Find all integers $x,y,z$ such that $6x+10y+15z=-1$.

Question

I did this-

$6x+5(2y+3z)=-1$

$6(x+1)+5a=5$ ($a=2y+3z$)

One solution to above equation is $x+1=5,a=-5$.

General solution would be $x+1=5+5k,$ $a=-5-6k$ where $k$ is an integer.

Now $2y+3z=-5-6k$. I don't how to go ahead from here.
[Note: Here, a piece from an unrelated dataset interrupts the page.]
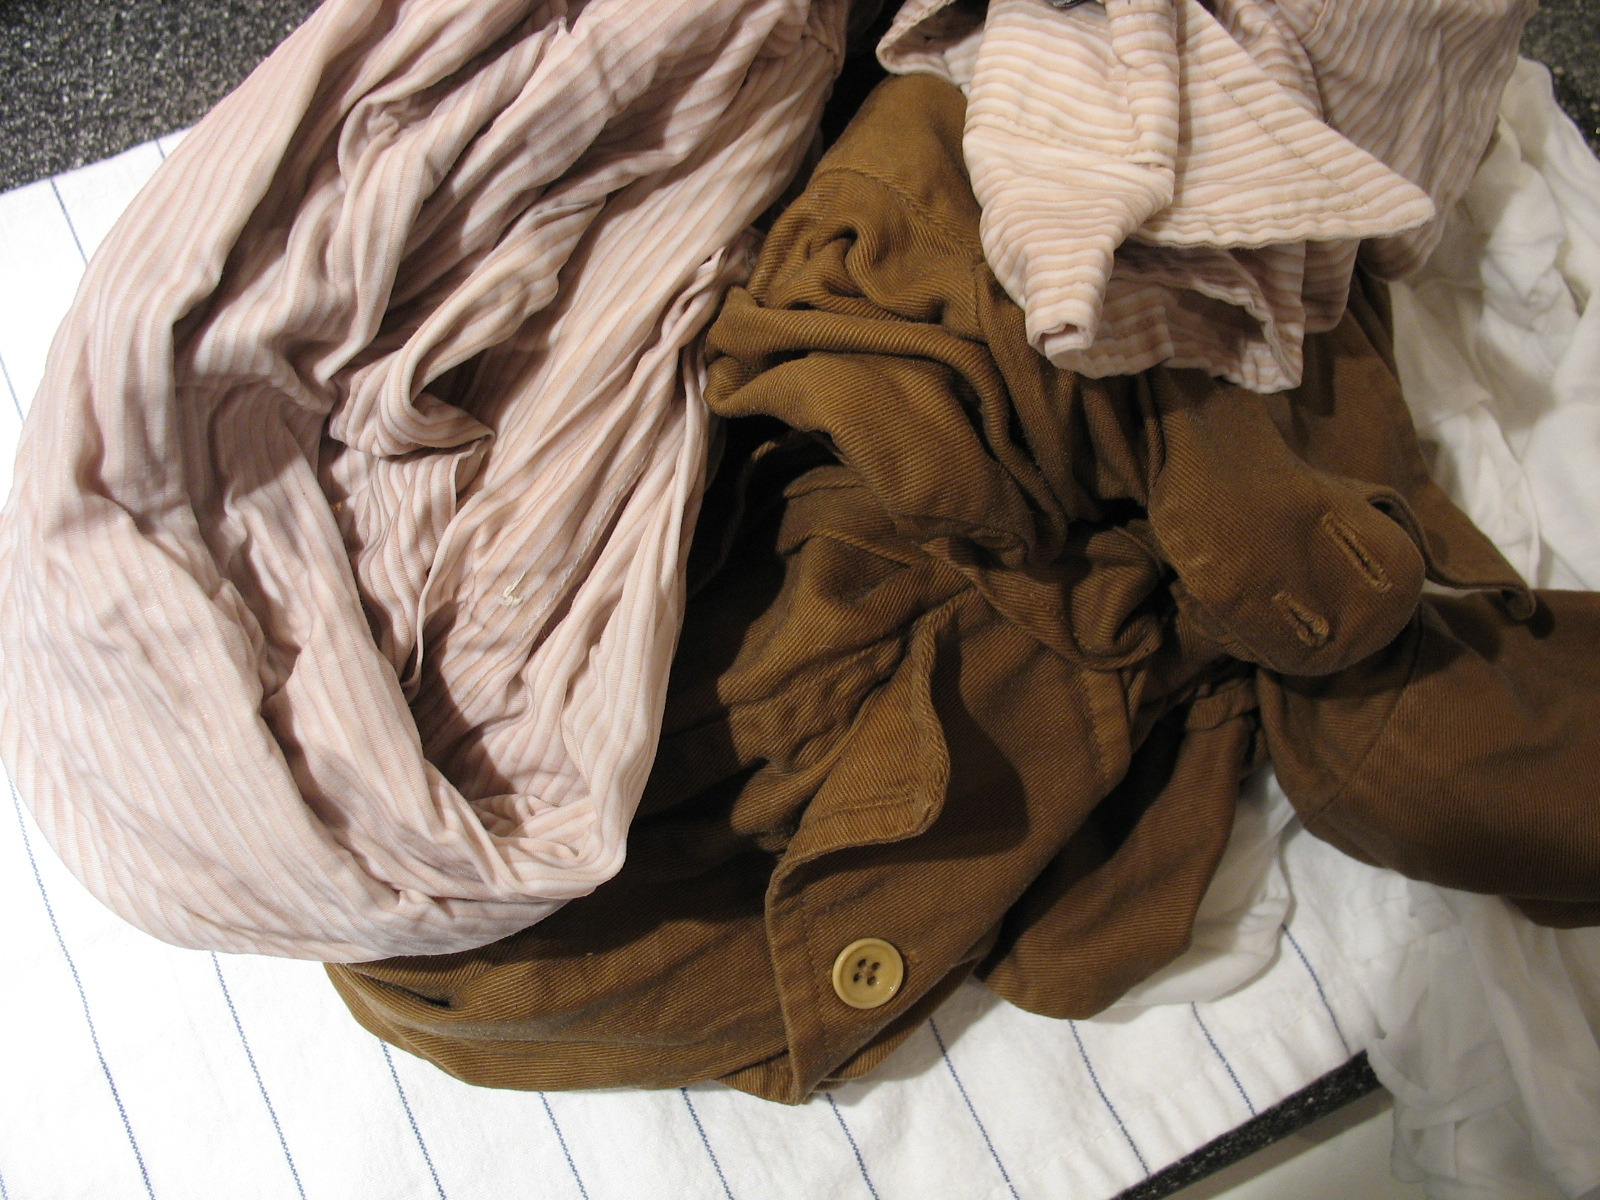 Shirts-Wet.JPG
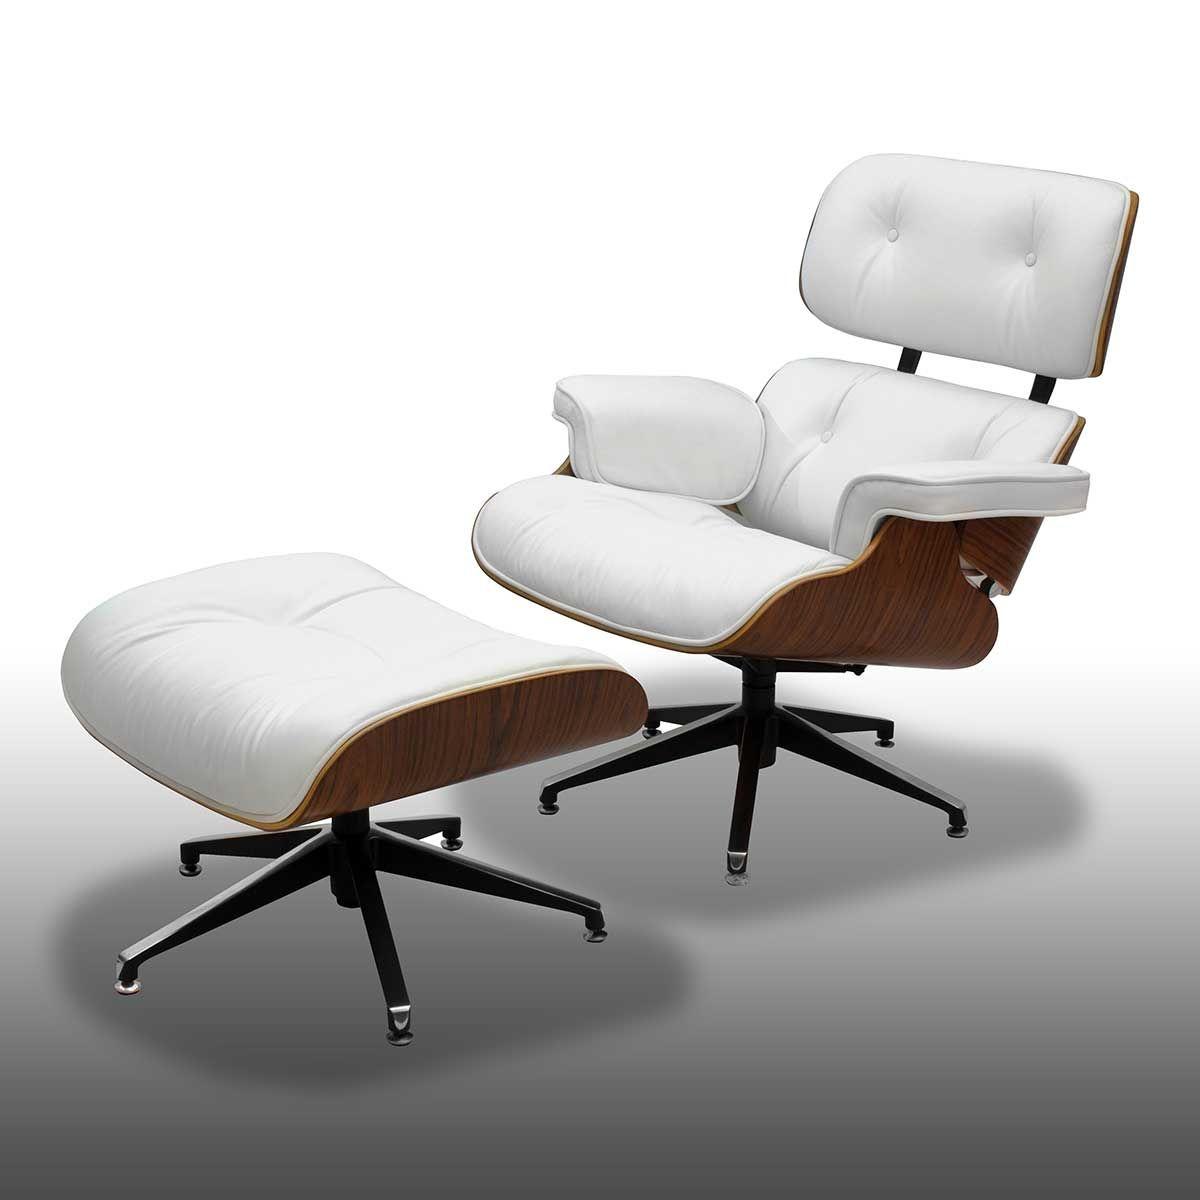 Ibacana - Poltrona Charles Eames BR | Charles Eames | Pinterest ...

Any hint?

Source- Challenges and thrills of pre-college mathematics.

since $(2,3)=1$ so for any integer $k$ we can solve $2y+3z=-5-6k$ (and there are countless $(y,z)$ pairs for the solution..) — VicaYang, Sep 01 '19 at 07:49
So you are saying that solution for $y,z$ will depend on $k$ and one more integer(?) We need to find a general solution. — Jayant Jha, Sep 01 '19 at 07:57
Solve your equation when $k=1$, then when $k=2$, then when $k=3$, and so on. Try to spot or derive a pattern. — preferred_anon, Sep 01 '19 at 08:04
You want $2y+5$ is divisible by $3$ (or $3z+5$ is divisible by $2$). Choose one of these for the next step. — Mark Bennet, Sep 01 '19 at 08:14

Reza Rajaei · Accepted Answer · 2019-09-01T14:05:27.000

You can generate all solutions to this equation in the way explained below:

Clearly, $z$ is an odd integer. So assume $z=2k+1$, in which $k$ is an integer as well.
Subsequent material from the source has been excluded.